From the findings in yeast and higher eukaryotes as mentioned above, it is expected that an artificial control of the cell proliferation is possible by means of the regulation of the Cdc7 kind activity in cells, which is entirely other means than conventional methods using operation of growth factor/receptor binding.
However, the inventors had also found that the putative human homolog of Cdc7, huCdc7, possesses only a very low level of kinase activity when overexpressed in mammalian cells while a baculovirus expressed form of huCdc7 is inactive.
Under such circumstances, the inventors of this application have investigated a human cDNA library with a presumption of the presence of a regulatory subunit for human Cdc7, succeeded in isolating the cDNA encoding a novel protein which regulates the kinase activity by binding to huCdc7 and named the said protein encoded in this cDNA as H37 protein.

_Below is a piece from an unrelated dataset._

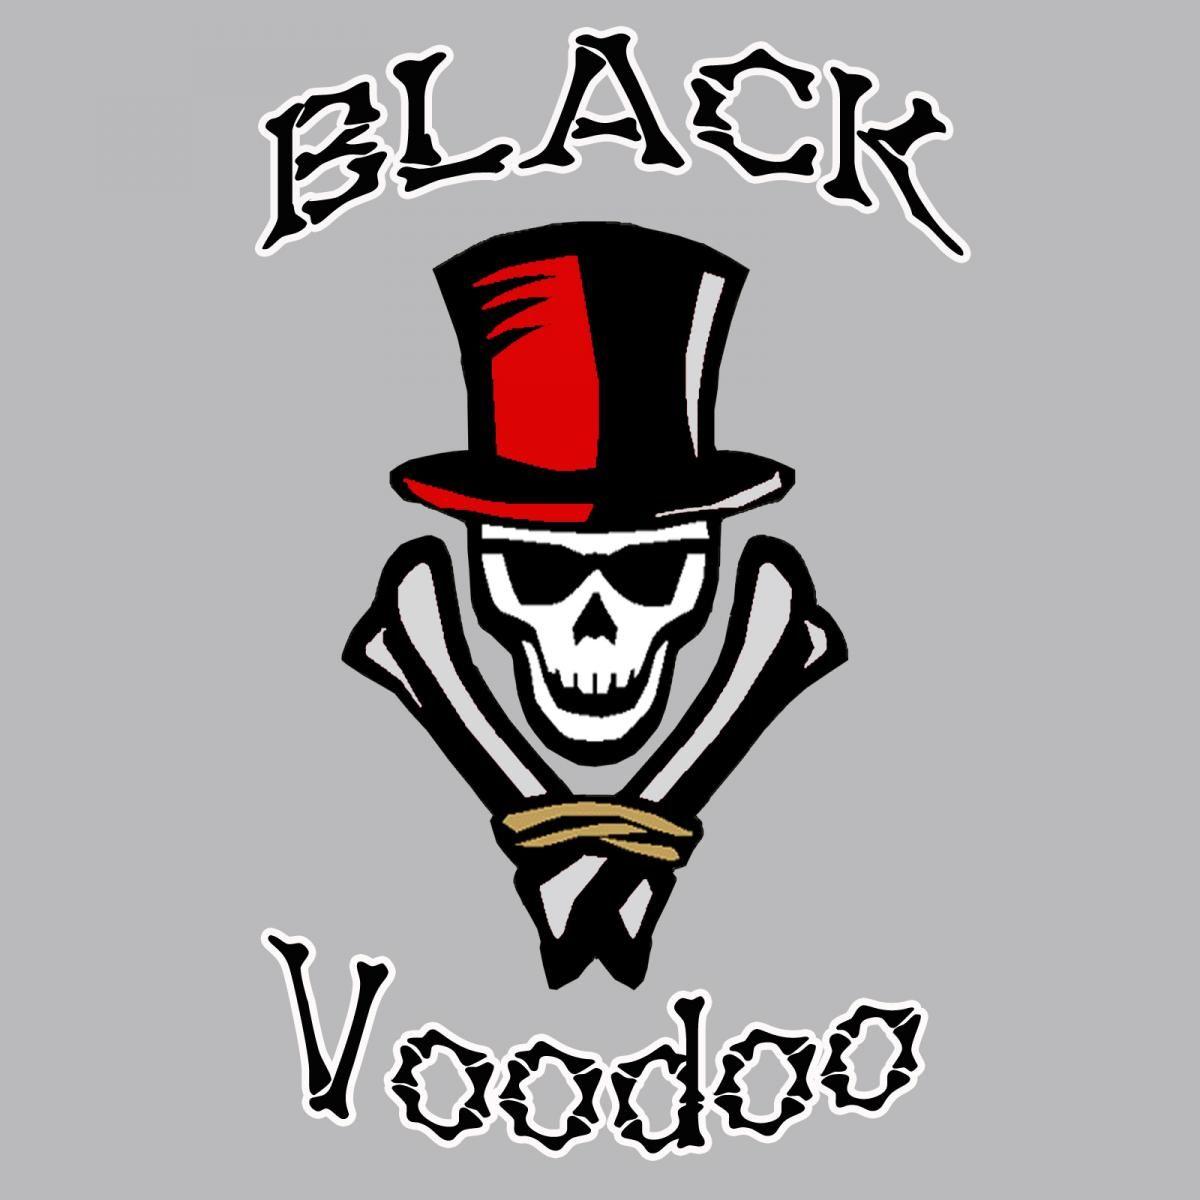 Voodoo Logo - Photo Borrowed from New Orleans Voodoo logo in the album Jack's R

An object of the invention is to provide the novel protein obtained by the inventors in an industrial applicable form.
Another object of the invention is to provide a human gene encoding the protein and to provide a material for genetic operation including cDNA derived from the gene, an antibody to the protein.
Still another object of the invention is to provide a method for the artificial control of proliferation of human cells using the above material for genetic operation.